Advocate Aishwarya Sinha who argued the petition stated that the effective functioning of FSSAI is directly linked to the health and welfare of citizens under Article 21 of the Constitution. He pointed out that the Food Safety and Standards Act, 2006 was enacted with this objective but it has inherent deficiencies that render the statutory food safety regime ineffective in its enforcement.
Referring to the penalties prescribed under the Act, the petition said, "The maximum penalty prescribed is only Rs.5 lakh for sub-standard food under section 51 of the 2006 Act and Rs.3 lakh for misbranding under section 52 of the Act - amounts that are wholly insignificant when viewed against the multi-billion-dollar turnovers of large corporations."
Malpani said that such amounts are "mere peanuts" for major industry players. He said that in a system where economic gains from non-compliance far outweigh the eventual financial liability, penal provisions fail to act as a deterrent. The CAG audit of 2017 discovered that even the levied penalties have not been fully recovered by the authorities. He suggested the court direct a turnover-linked or proportionate penalty framework that does not treat vastly unequal businesses to similar penalties.

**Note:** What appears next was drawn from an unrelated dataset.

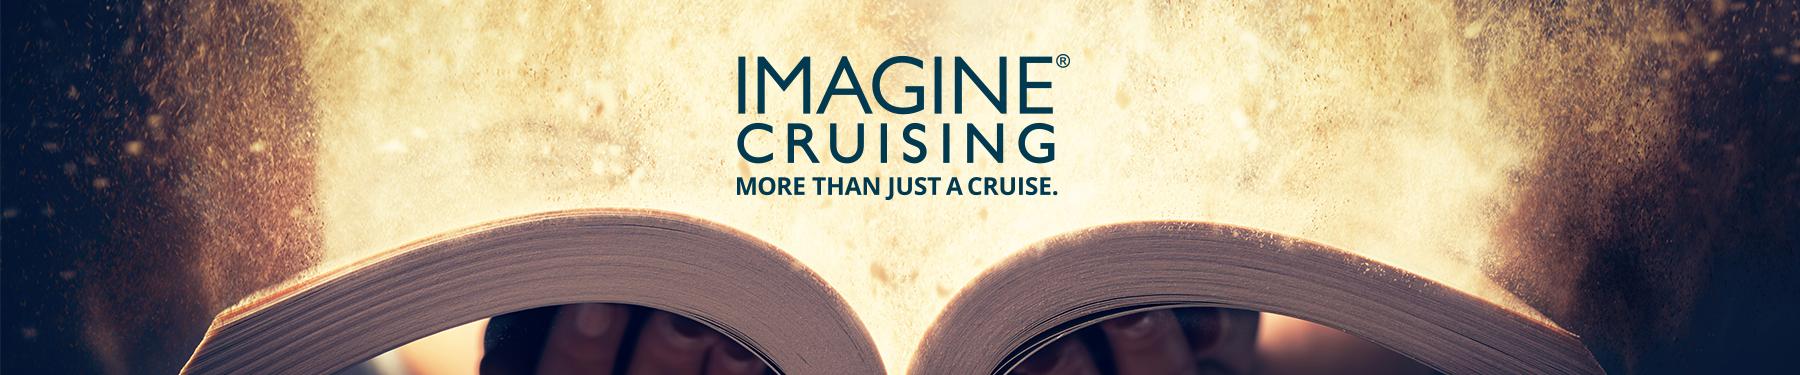 European River Cruise Hotspots  Imagine Cruising
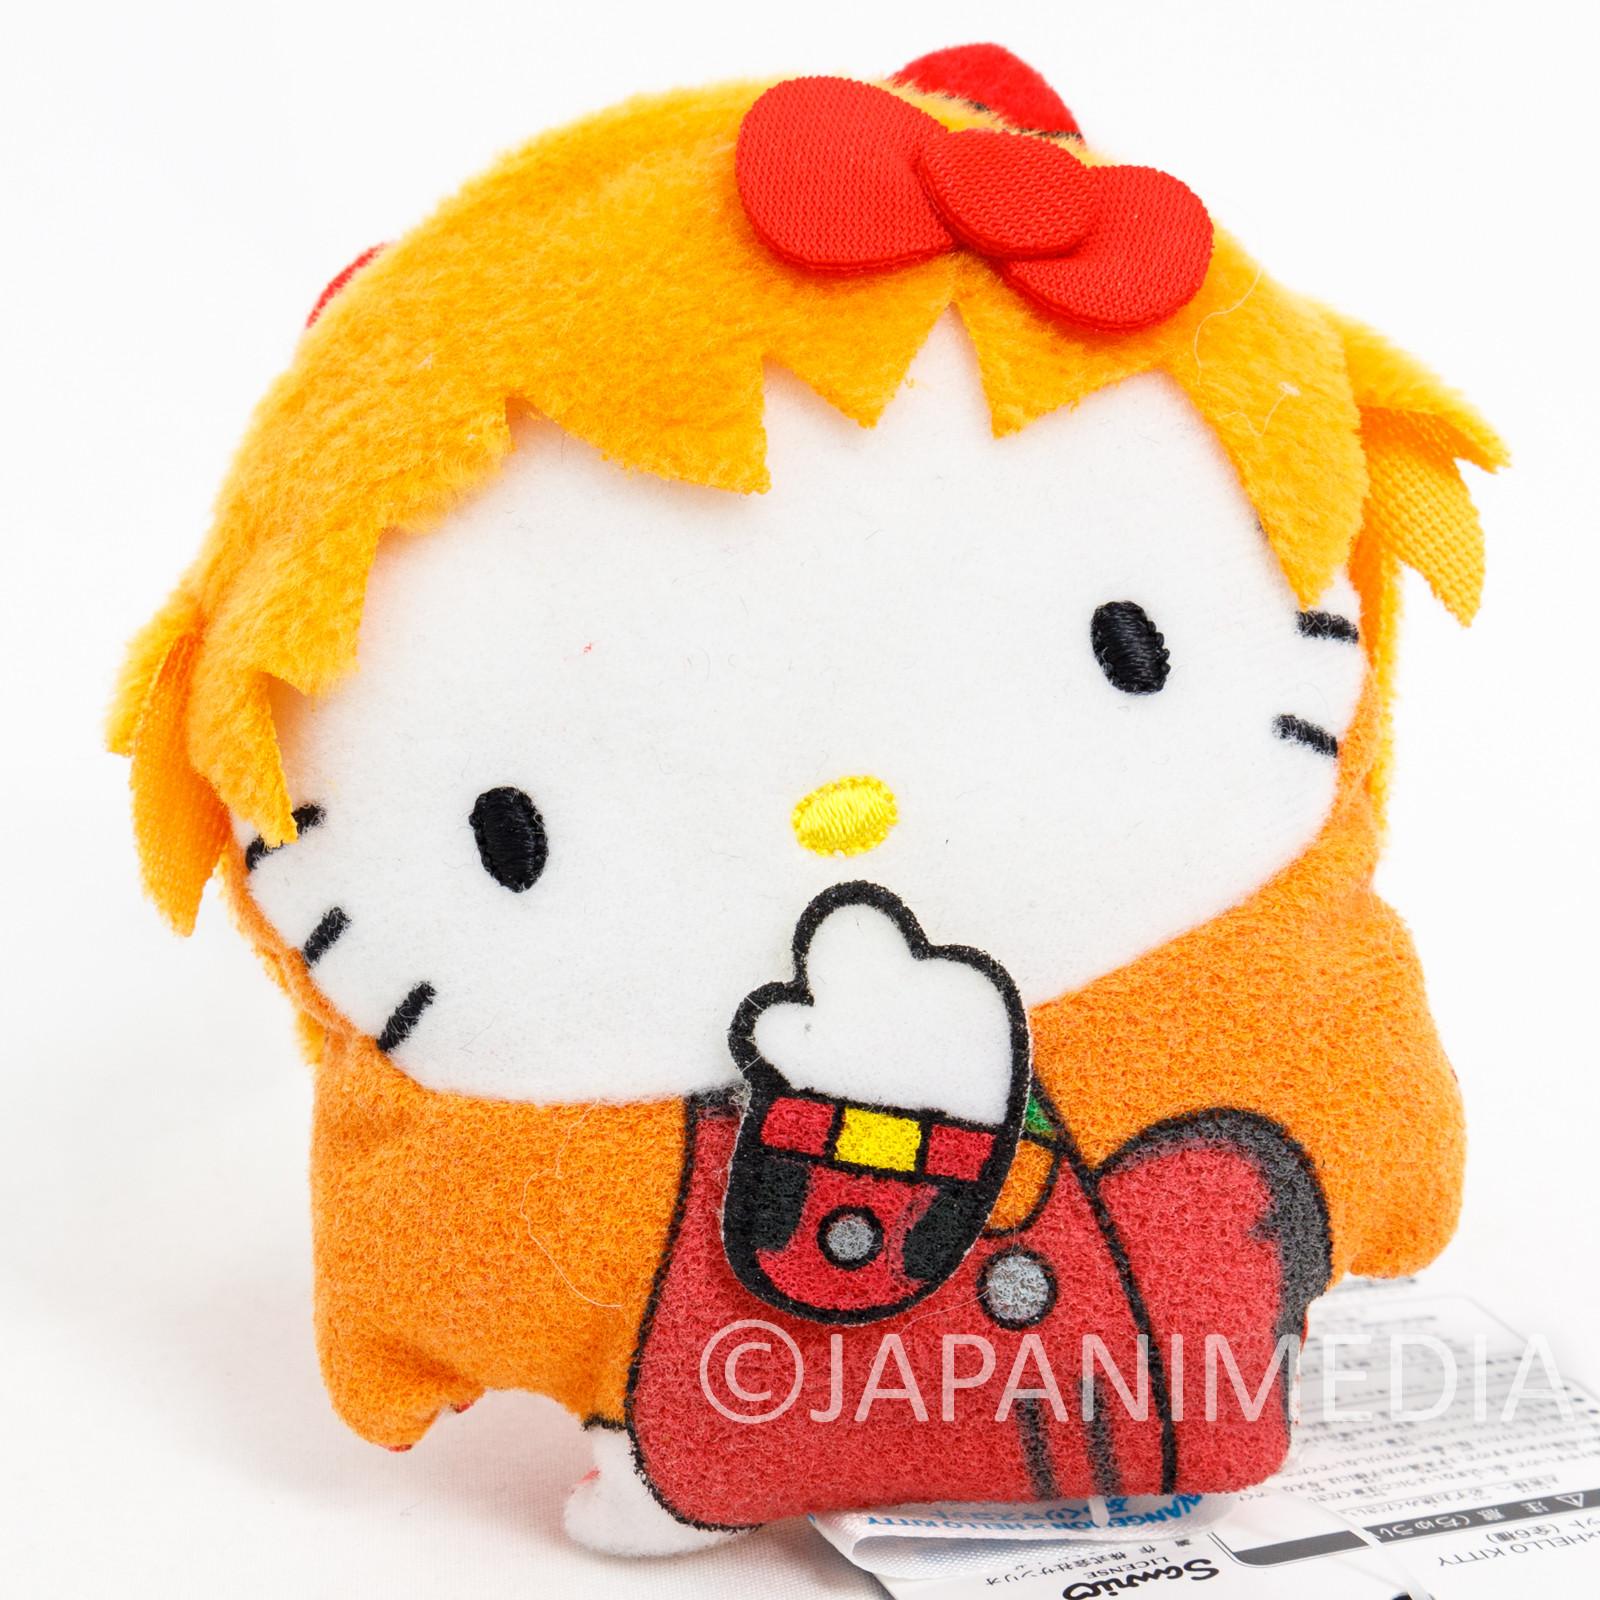 Evangelion x Hello Kitty Asuka Langley Small Plush Doll JAPAN ANIME MANGA

The petition highlighted recent instances of adulterated milk, spices, paneer and similar daily food products found to contain carcinogenic dyes and excessive pesticides, pointing to a larger issue of inadequate testing labs still employing traditional methods to detect chemicals in foods.
The petition said, "A critical meta-analysis by the FSSAI in 2019 revealed a staggering infrastructure deficit of over 700 laboratories needed to monitor the country's food business operators (FBOs) effectively. While there has been some improvement in physical infrastructure over the years, the numbers remain insufficient to meet the demand." It points out that the FSSAI-notified labs use basic spectrophotometric or titration methods which cannot trace pesticides and the genetically modified elements....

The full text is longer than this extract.